Capital Gains Manual

Example 3: transfer of an asset to a husband and wife partnership

Facts

A and his wife B carry on a business in partnership and hold equal interests in partnership assets.

A transfers an asset which he had acquired two years earlier for £120,000 to the partnership at its current market value of £200,000. The consideration of £200,000 is credited to his capital account.

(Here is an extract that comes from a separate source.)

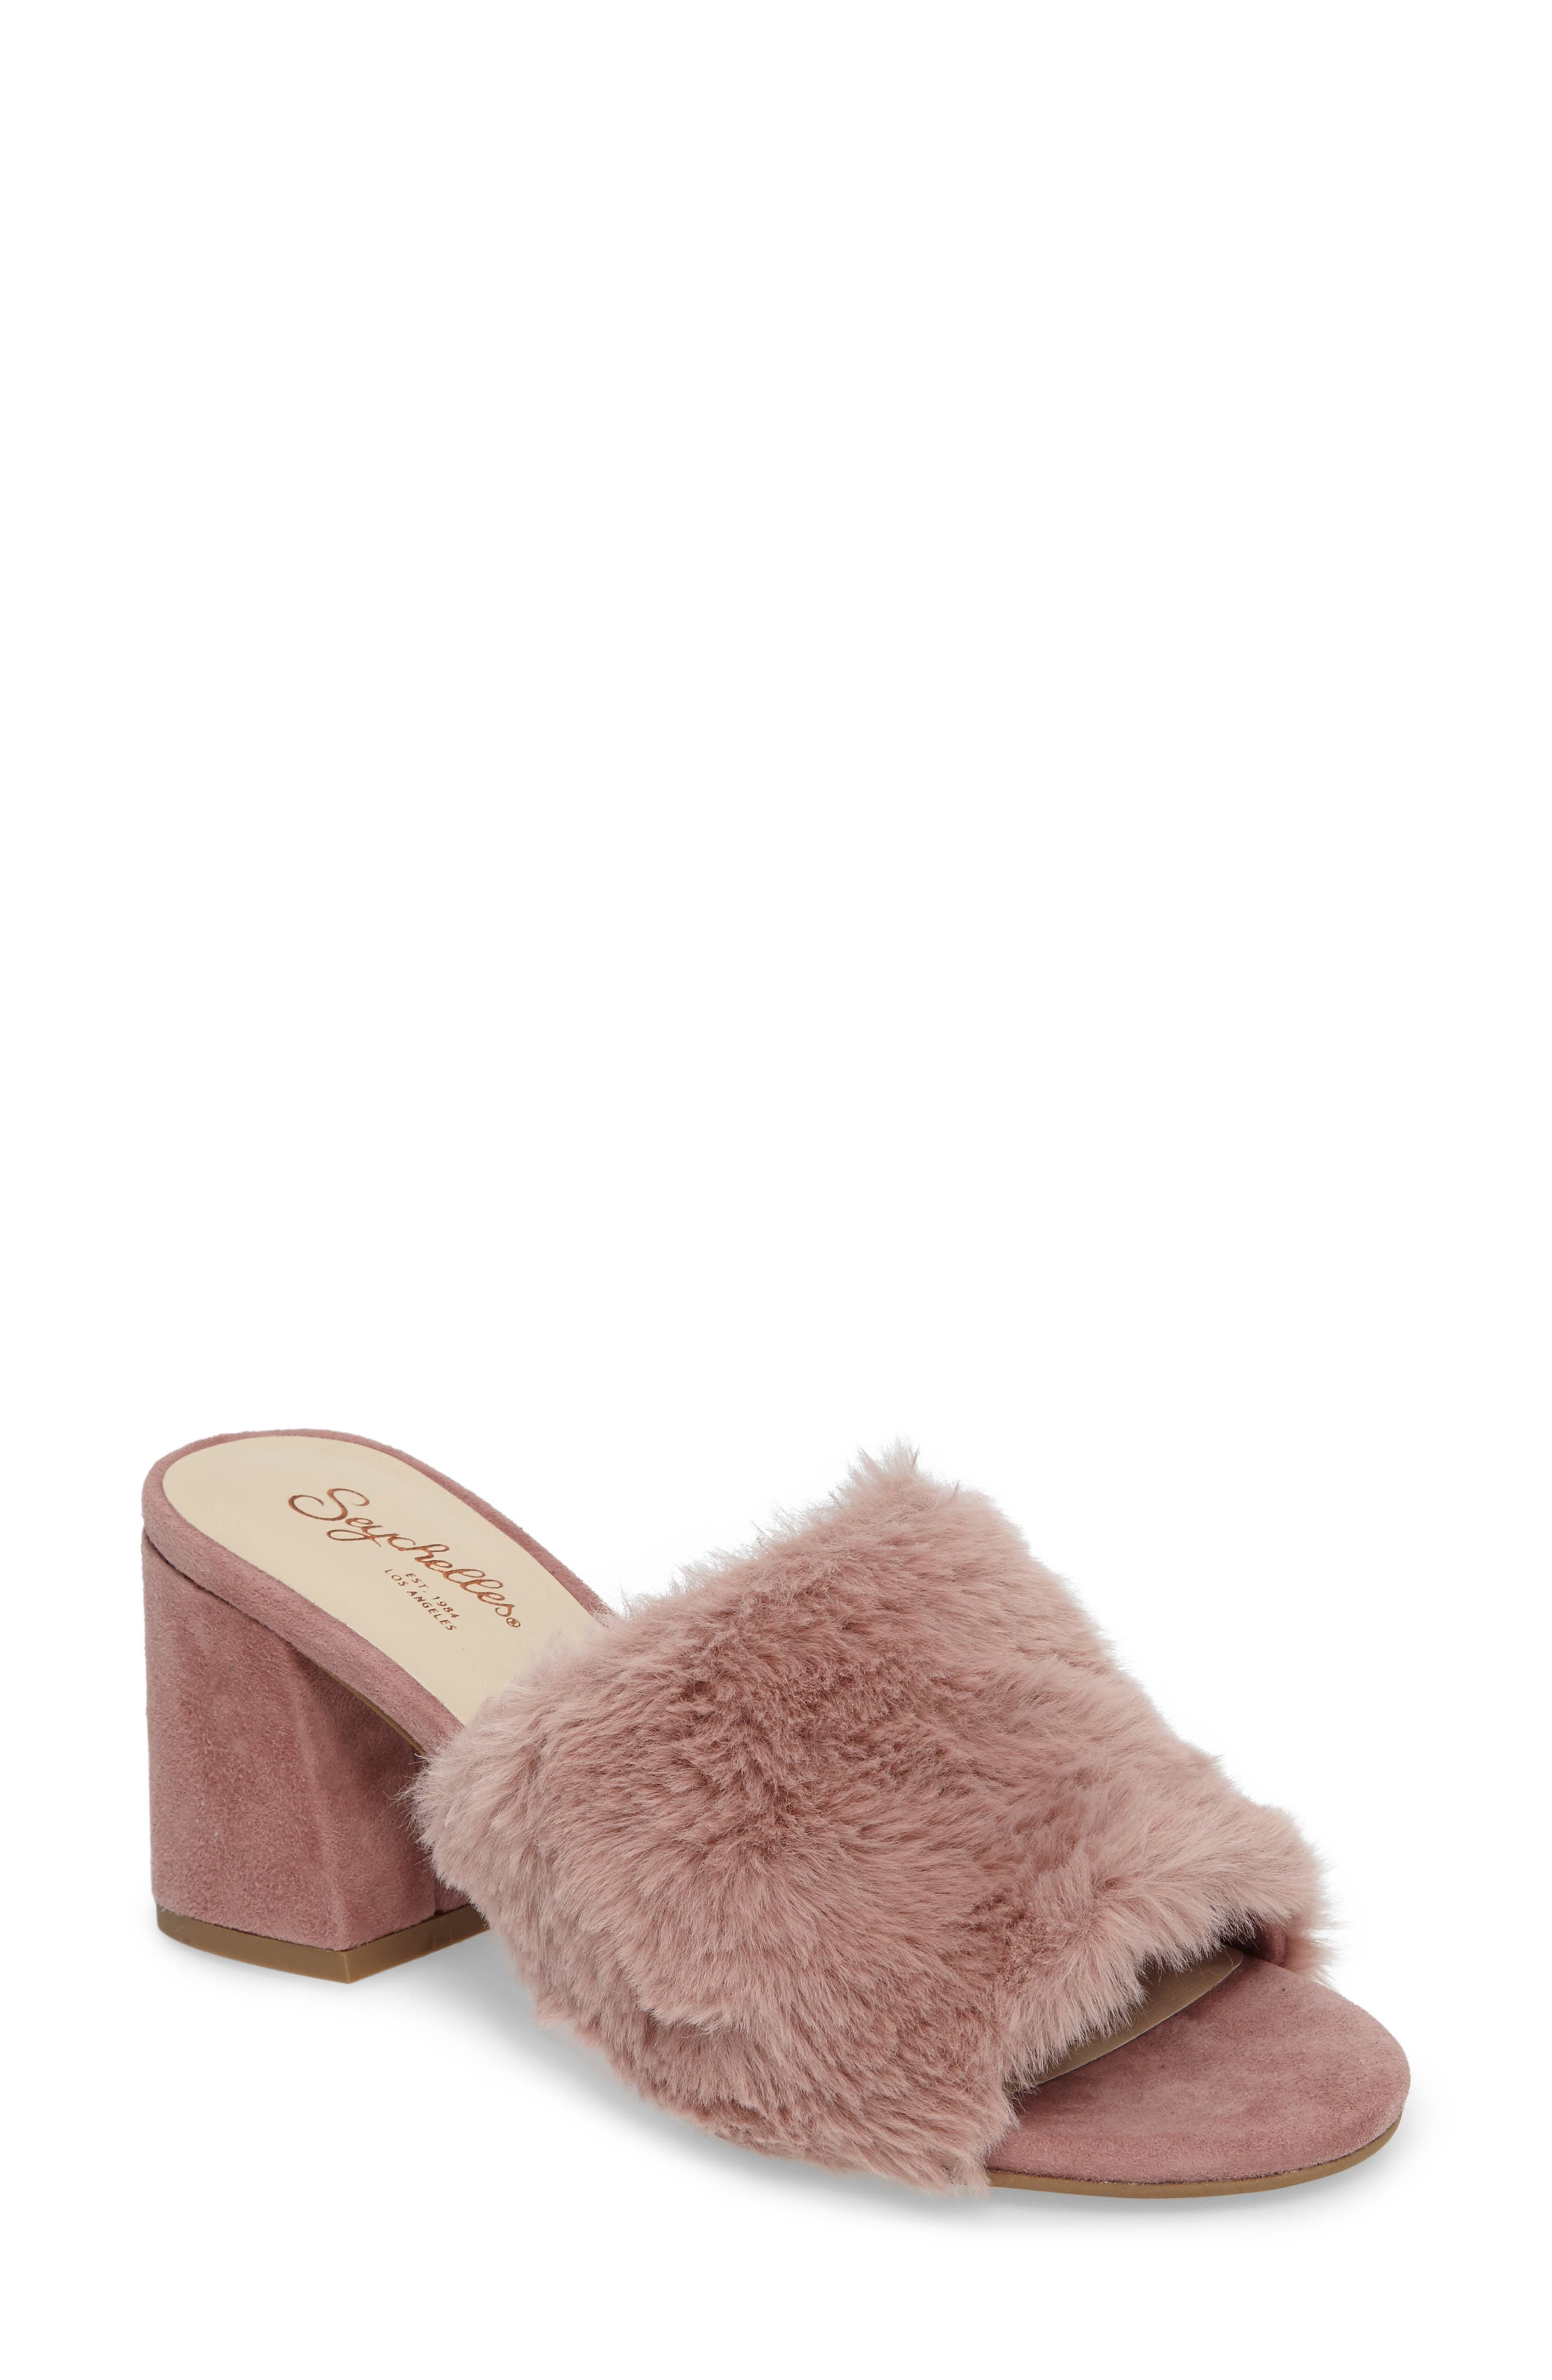 Main Image - Seychelles Nobody Else Faux Fur Slide Sandal (Women)

The asset is included in the balance sheet at its cost to the partnership of £200,000.

Three years later the partnership disposes of the asset for £240,000. The surplus on sale of £40,000 (£240,000 - £200,000) is credited to the partners’ capital accounts in accordance with their interests in partnership assets:

A £40,000 x 50% = £20,000
   
B £40,000 x 50% = £20,000

Disposal on transfer of asset

The transfer of the asset to the partnership is an occasion of a disposal of a 50% interest in the asset by A. However, as the partners are husband and wife TCGA92/S58 applies so that the disposal of a 50% interest in the asset by A to B is treated as having been made for a consideration that would secure neither a gain nor a loss.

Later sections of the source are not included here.